_Azure Cloud Security: How to ensure the Zero Trust Model and use AI to our advantage?

Since the global popularization of remote work in recent years, IT security teams are facing ever-increasing challenges to ensure effective and secure access to organizations’ critical assets, resources, and data.

Elaborate phishing attacks, through which user credentials are being exposed, allowing for lateral movement attacks or installing ransomware on mission-critical infrastructure. Zero-day vulnerabilities enable malicious actors to disrupt accessed services.

These are just a few examples of threats that lead to companies losing money, most critical assets, credibility and their market image.

In the Cost of a Data Breach 2023 Report published by IBM, analyzing data breaches that occurred between March 2022 and March 2023, the average total cost of a breach amounted to $4.45M. Compared to the previous year’s report, this total has increased by 2.3% and 15.3% since 2020.

With that in mind, we need to design our organizations’ systems to be able to withstand these and many more challenges. Employing IT Security specialists will lead to increased safety in digital transformation, but we cannot only rely on technology – each organization should define and implement an anti-breach strategy but also educate their employees to navigate the digital ecosystem securely.

What is the Zero Trust Model?

For many years, organizations relied on a perimeter-based security approach, also known as “castle and moat,” where the assumption was that every actor on the outside was malicious and everyone on the inside was trusted.

While deeply flawed, this approach was all we needed until we faced a need to open our internal resources to remote workers. The solution came with the use of a VPN, creating a secure gateway from the Internet to the Intranet.

Unfortunately, with technological progress came the ever-evolving threat in the form of cyber-attacks. Nowadays, VPN technology and physical access restrictions can’t be the only security measures, and we need to seek more complex solutions.

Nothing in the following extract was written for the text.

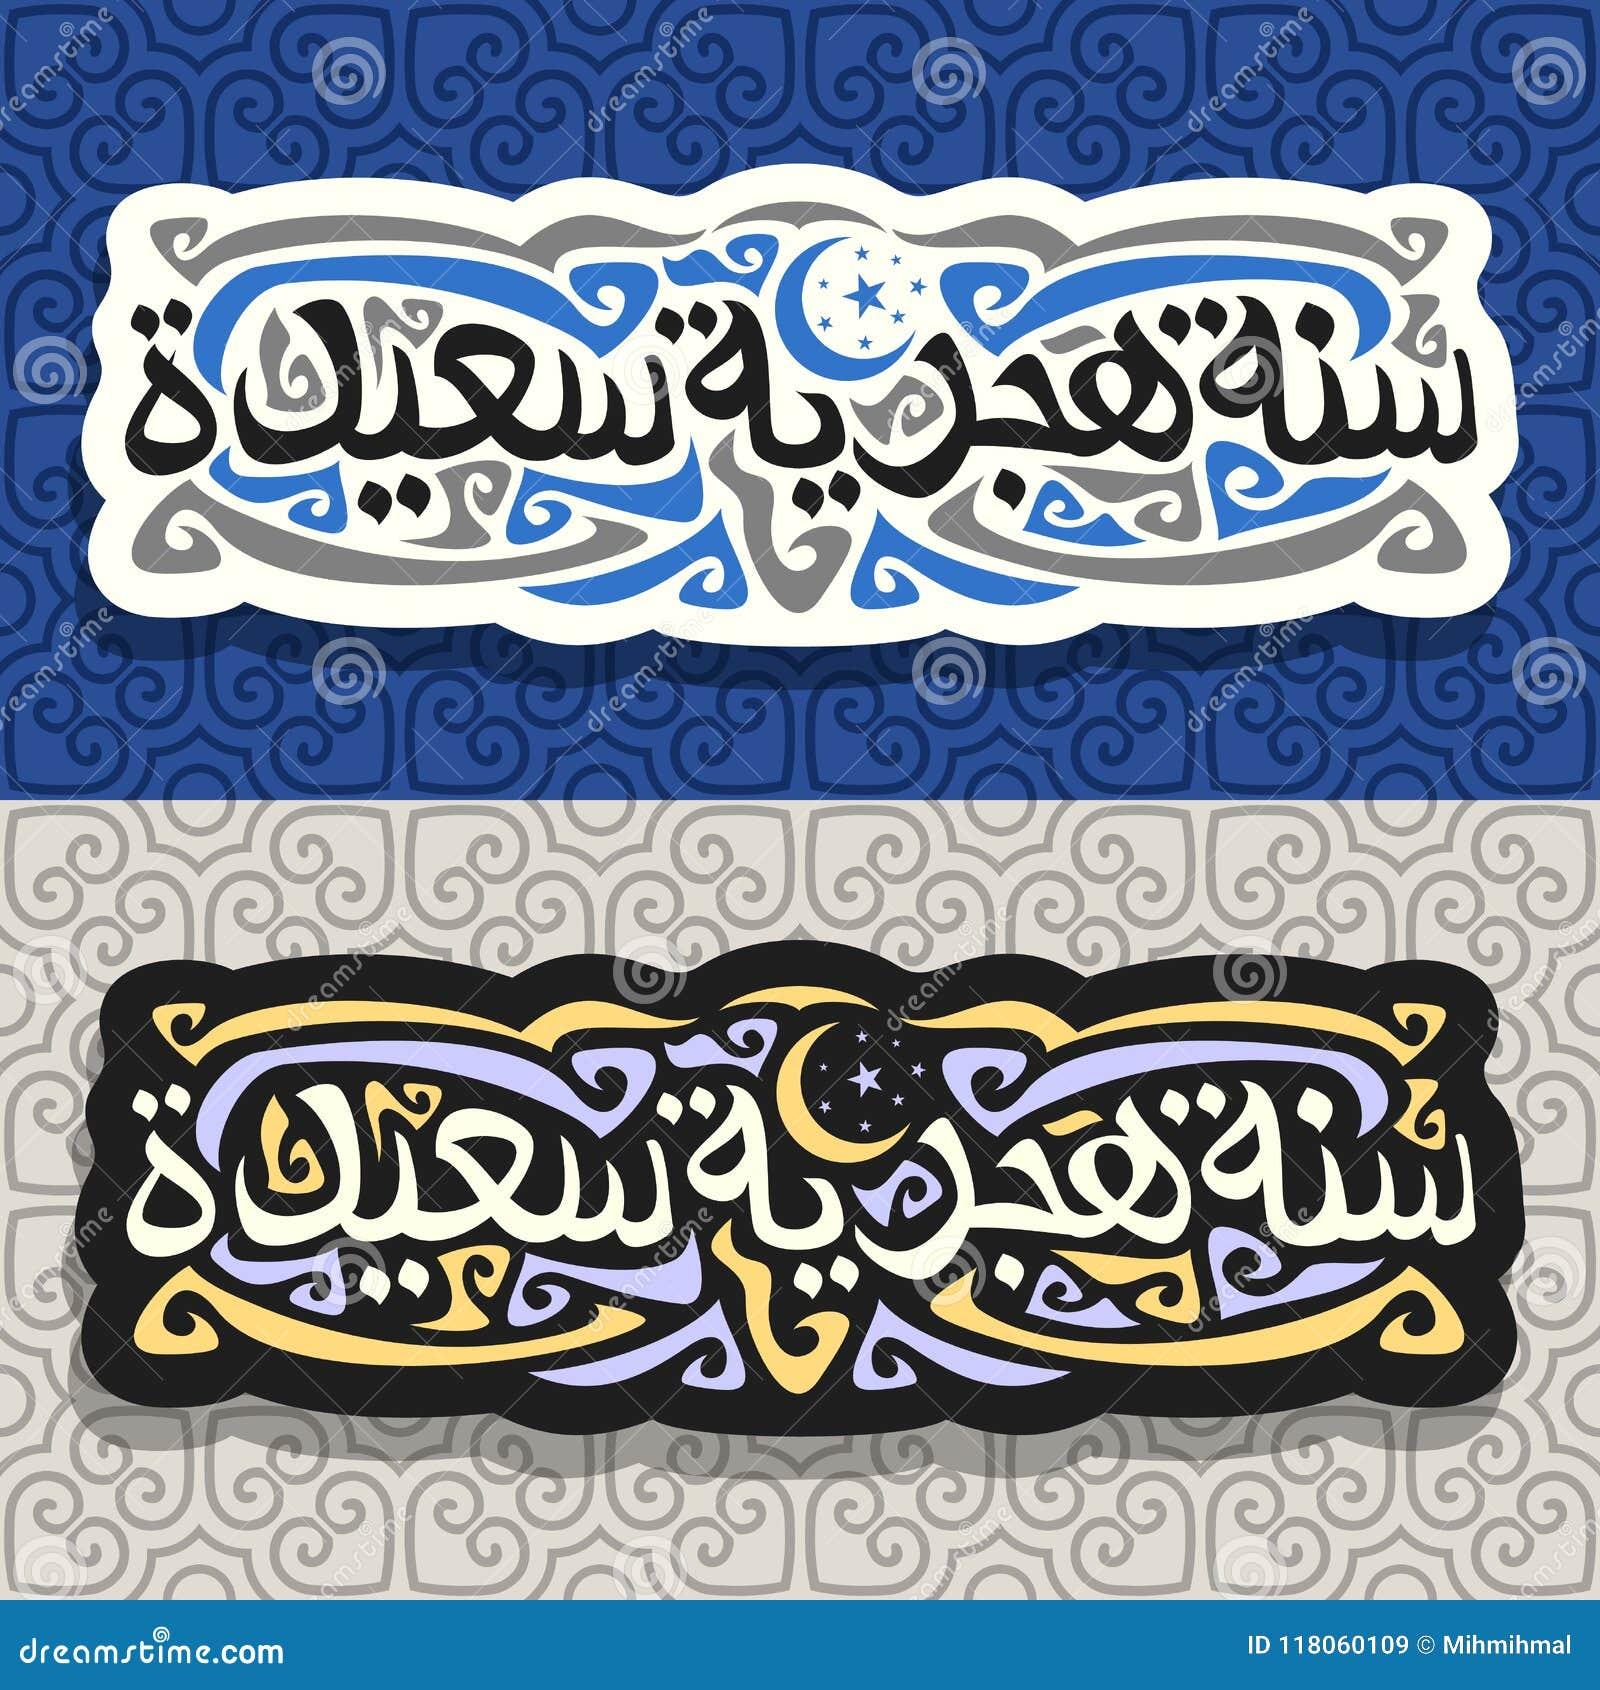 Vector Logos For Islamic New Year Stock Vector Illustration Of
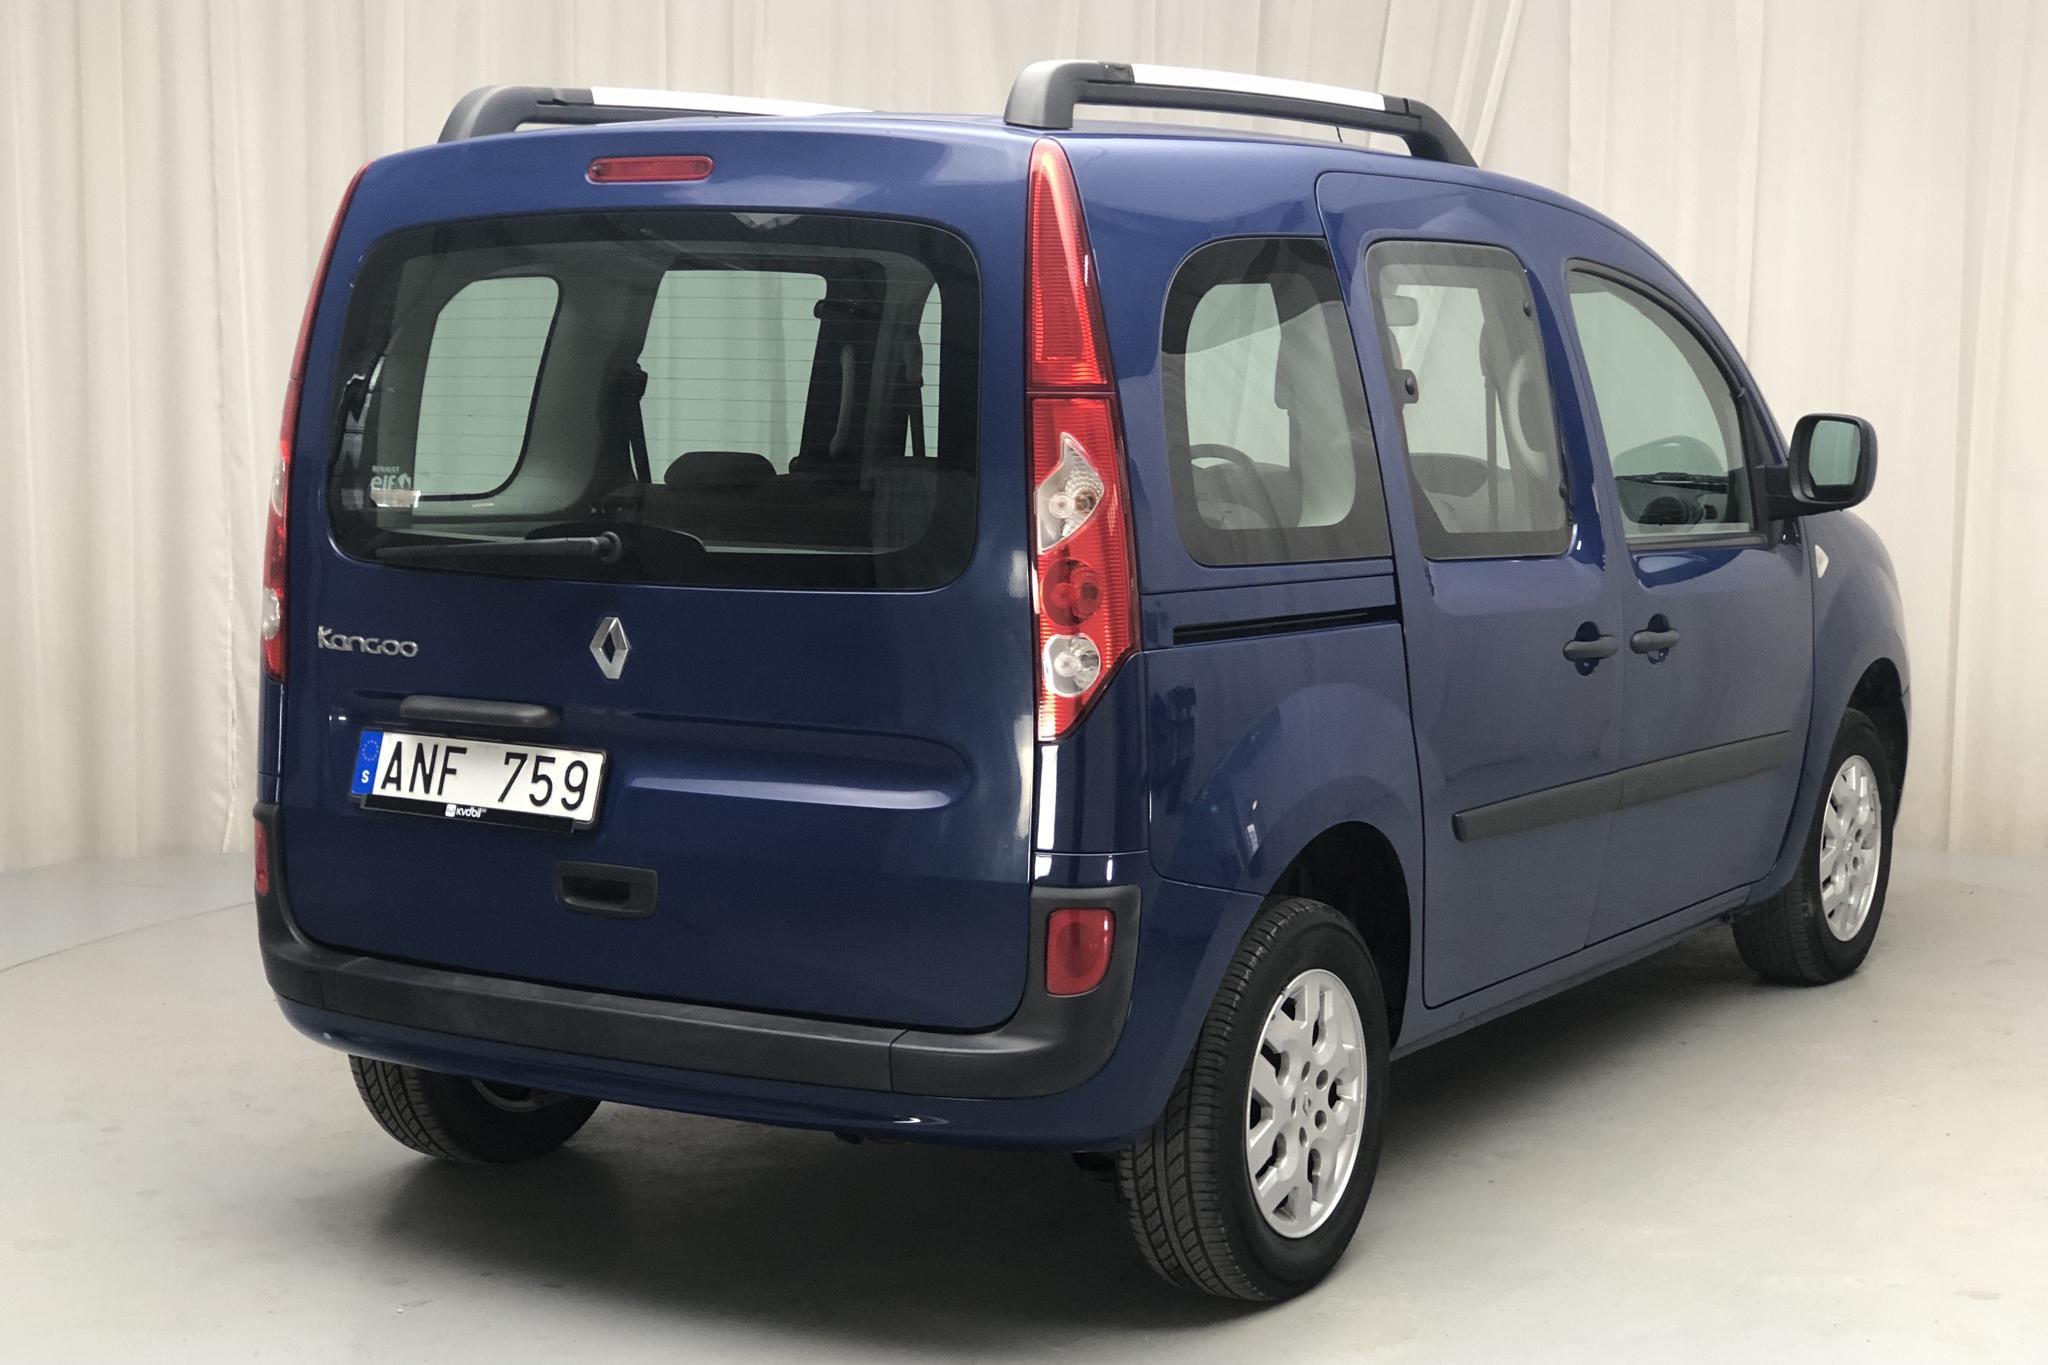 Renault Kangoo II 1.6 E85 (105hk) - 112 310 km - Manual - Dark Blue - 2010

According to IBM’s report, the two most common initial attack vectors were phishing and stolen or compromised credentials at 16% and 15%, respectively. Moreover, the two most costly types of initial attack vectors were malicious insider and again phishing, averaging $4.90 million and $4.76 million.

Many of these attacks could be caused by placing too much trust in actors from within the organizations and lacking proper security systems to prevent external attacks.

This is where the Zero Trust Security Model comes to the rescue. At its core, Zero Trust assumes a “never trust, always verify” approach, which leaves behind the idea that any user or device should be trusted by default.

Many organizations established their infrastructure with implicit rather than explicit trust models to ease access and operations for workers and workloads. Attackers abuse this implicit trust in infrastructure to establish malware and then move laterally to achieve their objectives.”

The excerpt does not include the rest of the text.